Question

Let $f\left(x\right)$ is a real valued function defined by
$f\left(x\right)=x^2+x^2{\int }_{-1}^{1}t.f\left(t\right)dt+x^3{\int }_{-1}^{1}f\left(t\right)dt$, then which of the following hold(s) good?

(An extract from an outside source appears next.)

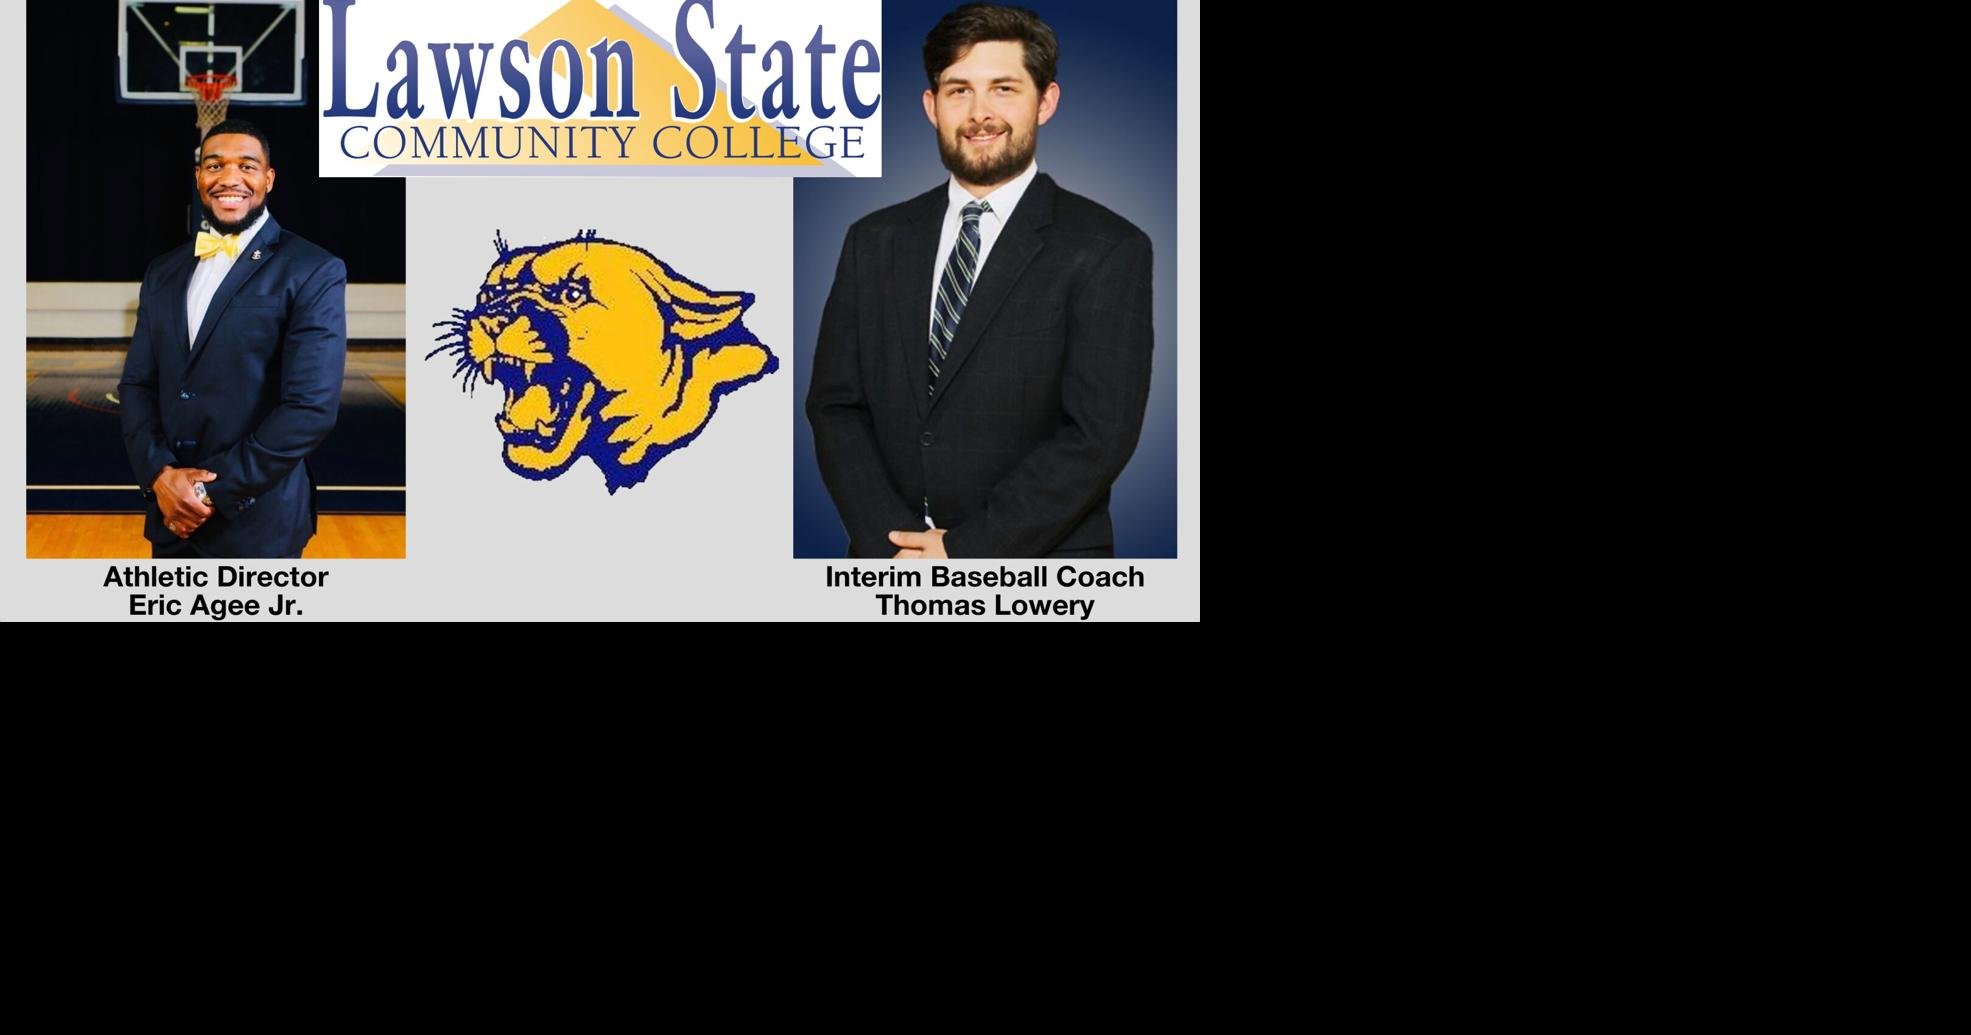 Lawson State Announces New Athletic Director and Interim Baseball Coach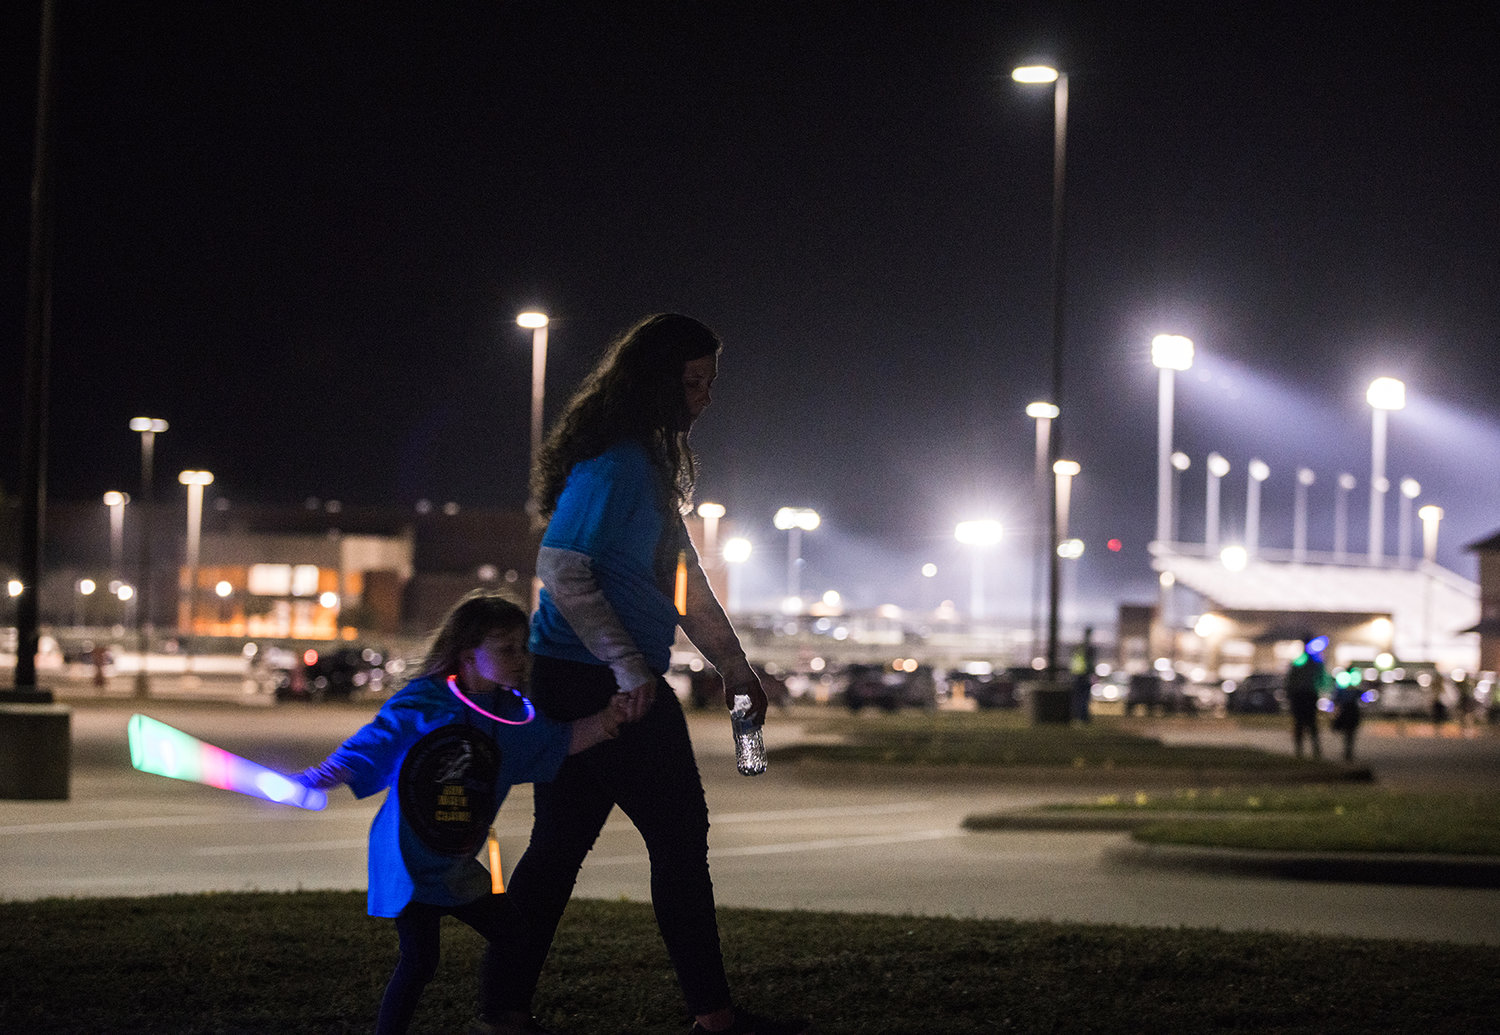 All ages participated in the 5K Glow Race "Run, Walk or Crawl"

• A. ${\int }_{-1}^{1}t.f\left(t\right)dt=\frac{10}{11}$
• B. $f\left(1\right)+f(-1)=\frac{30}{11}$
• C. ${\int }_{-1}^{1}t.f\left(t\right)dt>{\int }_{-1}^{1}f\left(t\right)dt$
• D. $f\left(1\right)-f(-1)=\frac{20}{11}$

Answer 1

Answer: (B), (D)

The correct options are
B $f\left(1\right)+f(-1)=\frac{30}{11}$
D $f\left(1\right)-f(-1)=\frac{20}{11}$

Let

${\int }_{-1}^{1}tf\left(t\right)dt=a,$ and ${\int }_{-1}^{1}f\left(t\right)dt=b$

$\Rightarrow f\left(x\right)=x^2+a{x}^2+b{x}^3$

$\Rightarrow f\left(t\right)=t^2(1+a)+b{t}^3$

$\Rightarrow tf\left(t\right)=t^3(1+a)+b{t}^4$
Now

$a={\int }_{-1}^{1}tf\left(t\right)dt={\int }_{-1}^1(t^3(1+a)+b{t}^4)dt$

$=2{\left[\frac{b{t}^5}{5}\right]}_0^1=\frac{2b}{5}$ ...(1)
(using property of integral of odd and even function).

Similarly $b={\int }_{-1}^{1}f\left(t\right)dt={\int }_{-1}^1(t^2(1+a)+b{t}^3)dt$

$=2{\left[\frac{(1+a)t^3}{3}\right]}_0^1=\frac{2}{3}(1+a)$ ....(2)
Solving the equations

$a=\frac{2b}{5}$ and $b=\frac{2(1+a)}{3}$ simultaneously, we get

$a=\frac{4}{11}$ and $b=\frac{10}{11}$

Hence, options A and C are incorrect.
Substituting $x=1$ in the original equation we get,
$f\left(1\right)=1+a+b$ ..(3)
Similarly, substituting $x=-1$, we get
$f(-1)=1+a-b$ ...(4)
Adding $\left(3\right)$ and $\left(4\right)$ we get ,
$f\left(1\right)+f(-1)=2(1+a)=2\times \frac{15}{11}=\frac{30}{11}$
Similarly subtracting $\left(4\right)$ from $\left(3\right)$ we get,
$f\left(1\right)-f(-1)=2b=\frac{20}{11}$

Hence, options B and D are correct.